Zusammenfassung der Kapitel
Einleitung: Die Arbeit untersucht die Konnotationen von Homosexualität im öffentlichen Bewusstsein Russlands zwischen 1986 und 1994, fokussiert auf Arbeitslager, Psychiatrie, AIDS und Feminismus. Diese Kontexte prägen das Bild von Homosexuellen und deren Leben in der Gesellschaft, wobei Stereotype und Diskurse sowohl aus Realitäten abgeleitet als auch diese beeinflussen können. Der Zeitraum wurde aufgrund der Glasnost-Politik und der Entkriminalisierung homosexueller Handlungen gewählt. Primärquellen sind Artikel und Leserbriefe in russischen Medien, ergänzt durch Erinnerungen eines ehemaligen Häftlings und Texte russischer Wissenschaftler und der Frauenbewegung.
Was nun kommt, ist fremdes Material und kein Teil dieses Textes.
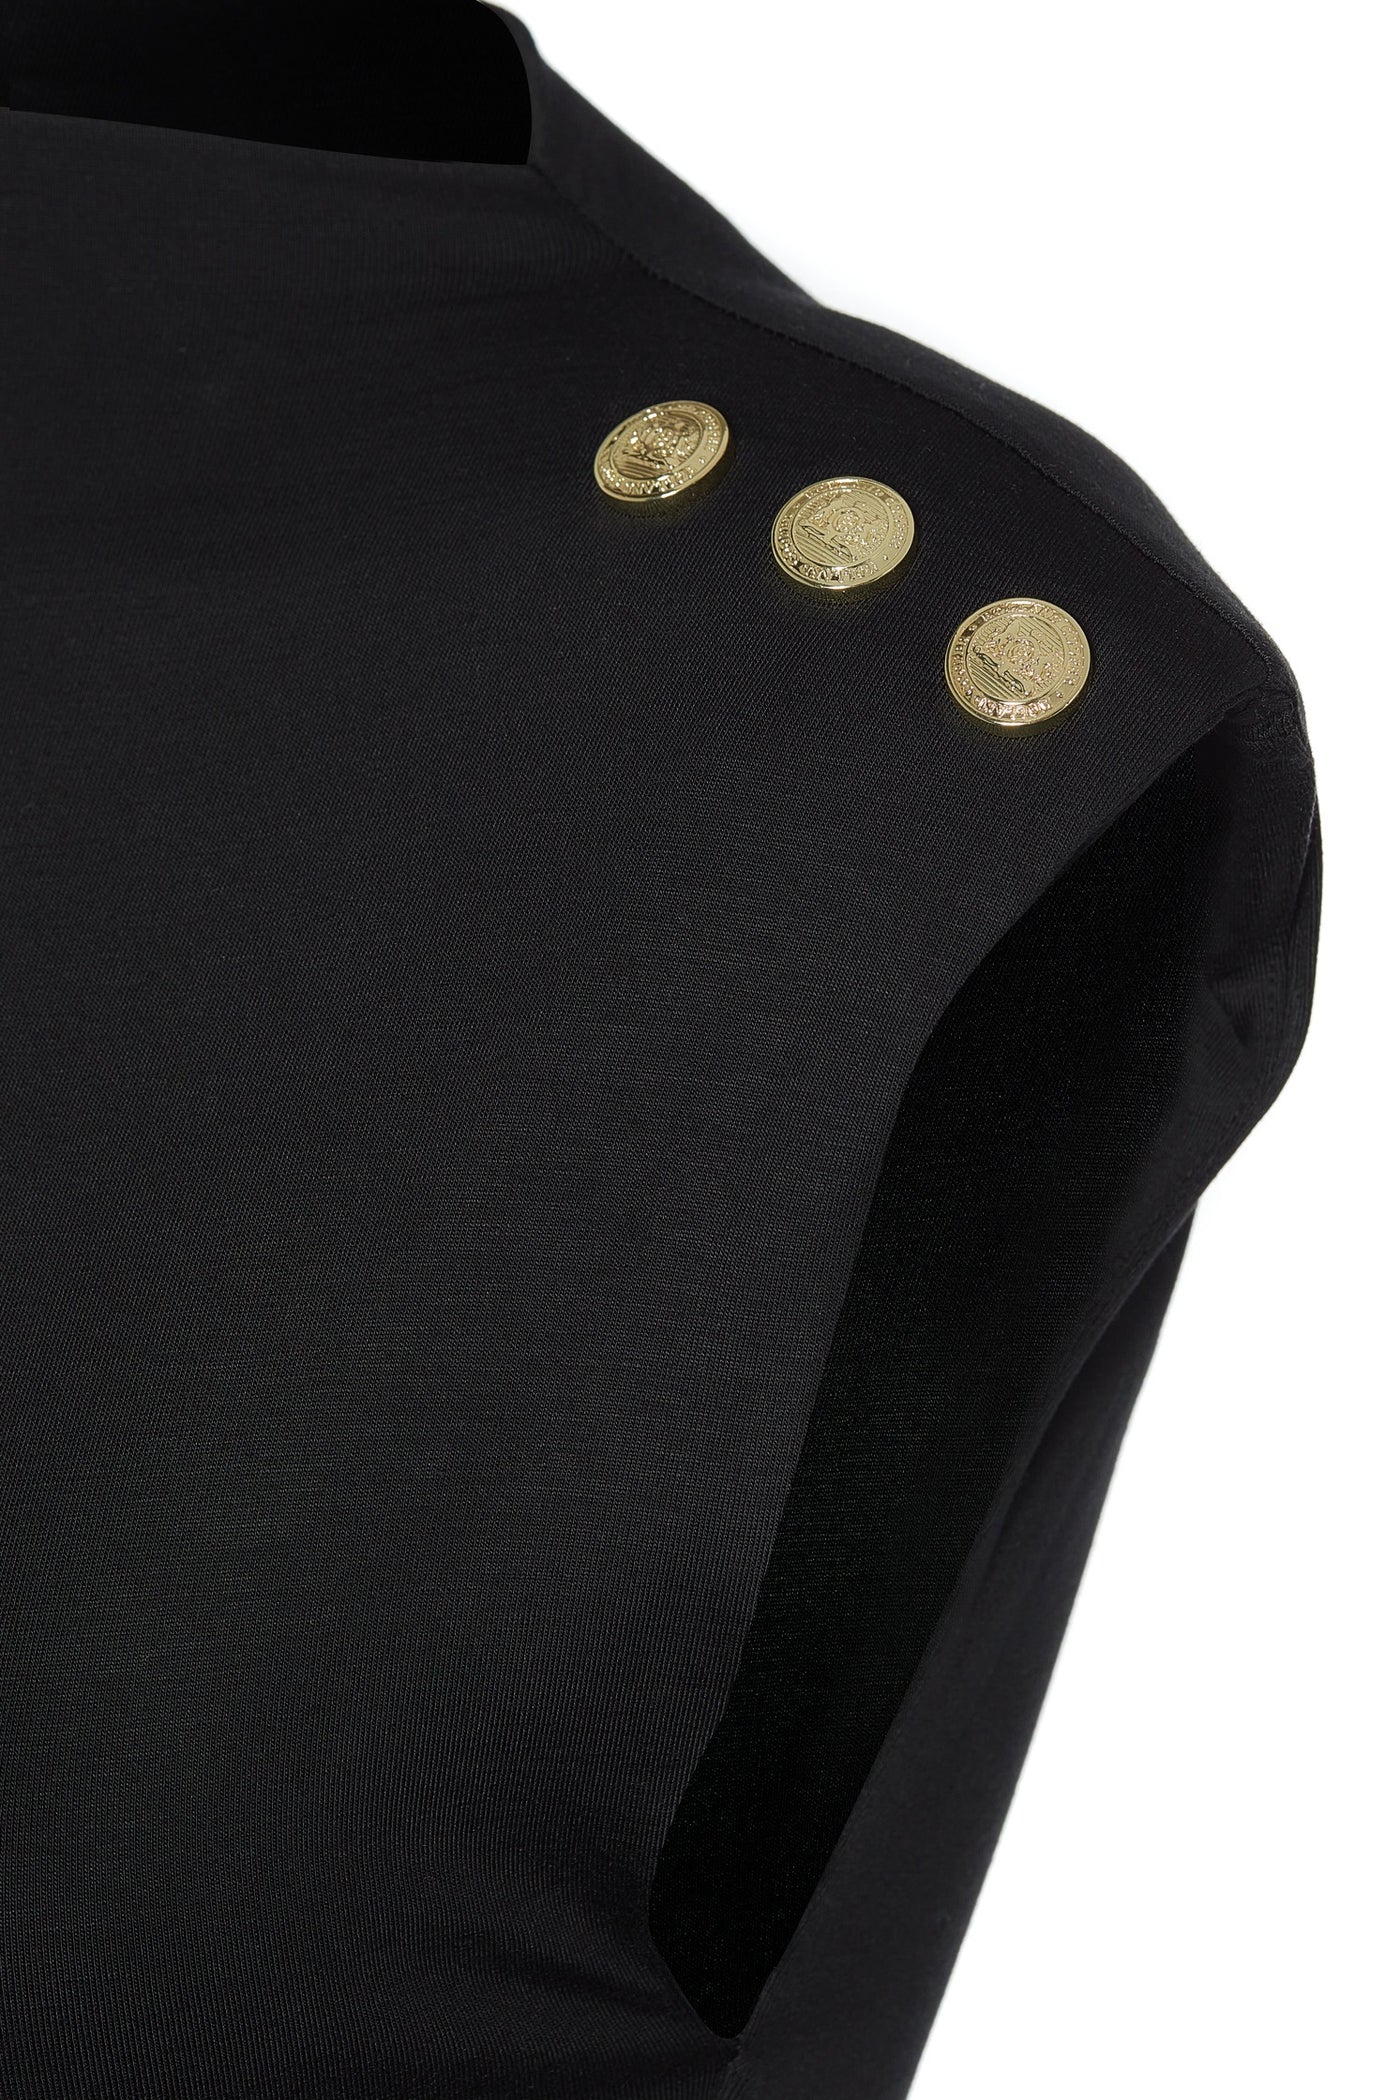 Holland Cooper Harper Sleeveless Mini Dress in Black Detail

Geschichte der Homosexualität in Russland: Dieses Kapitel beleuchtet die historische Verfolgung von Homosexualität in Russland, beginnend mit der frühchristlichen Verurteilung als Todsünde, über die Strafen unter Peter I. bis hin zum Artikel 121 des Strafgesetzbuches der Sowjetunion. Es wird die relative Nachlässigkeit der zaristischen Regierung bei der Durchsetzung der Gesetze hervorgehoben, die das Aufblühen homoerotischer Kunst ermöglichte. Die scheinbare Toleranz der 1920er Jahre wird mit der späteren, stark ideologisierten Kriminalisierung unter Stalin kontrastiert, wobei Homosexualität zur Verfolgung politischer Gegner instrumentalisiert wurde. Das Kapitel endet mit der Aufhebung des Artikels 121 im Jahr 1993 und der darauffolgenden Gesetzesänderungen.
Bilder von Homosexualität(en): Dieses Kapitel analysiert vier Aspekte, in denen Homosexualität im gesellschaftlichen Bewusstsein verankert ist: Straflager, Psychiatrie, AIDS und Feminismus. Es wird die geschlechtsspezifische Bedeutung dieser Assoziationen betont, wobei Straflager eher mit männlicher und Psychiatrie mit weiblicher Homosexualität verbunden werden.
Strafgefangenenlager: In den Straflagern wurde die erzwungene Homosozialität nicht unbedingt zu einer Zunahme von tatsächlichen homosexuellen Beziehungen, sondern diente der Etablierung einer Hierarchie. „Homosexualität“ wurde als Schimpfwort verwendet, um Häftlinge zu erniedrigen, wobei der passive Part im homosexuellen Akt als besonders abwertend galt. Dies spiegelte bestehende Geschlechterstereotype wider und zeigt, wie Vorurteile aus der Außenwelt in die Lagerrealität transportiert und für die Machtstrukturen genutzt wurden. Die Entkriminalisierung homosexueller Handlungen hatte auf diese Lagerhierarchien keinen direkten Einfluss.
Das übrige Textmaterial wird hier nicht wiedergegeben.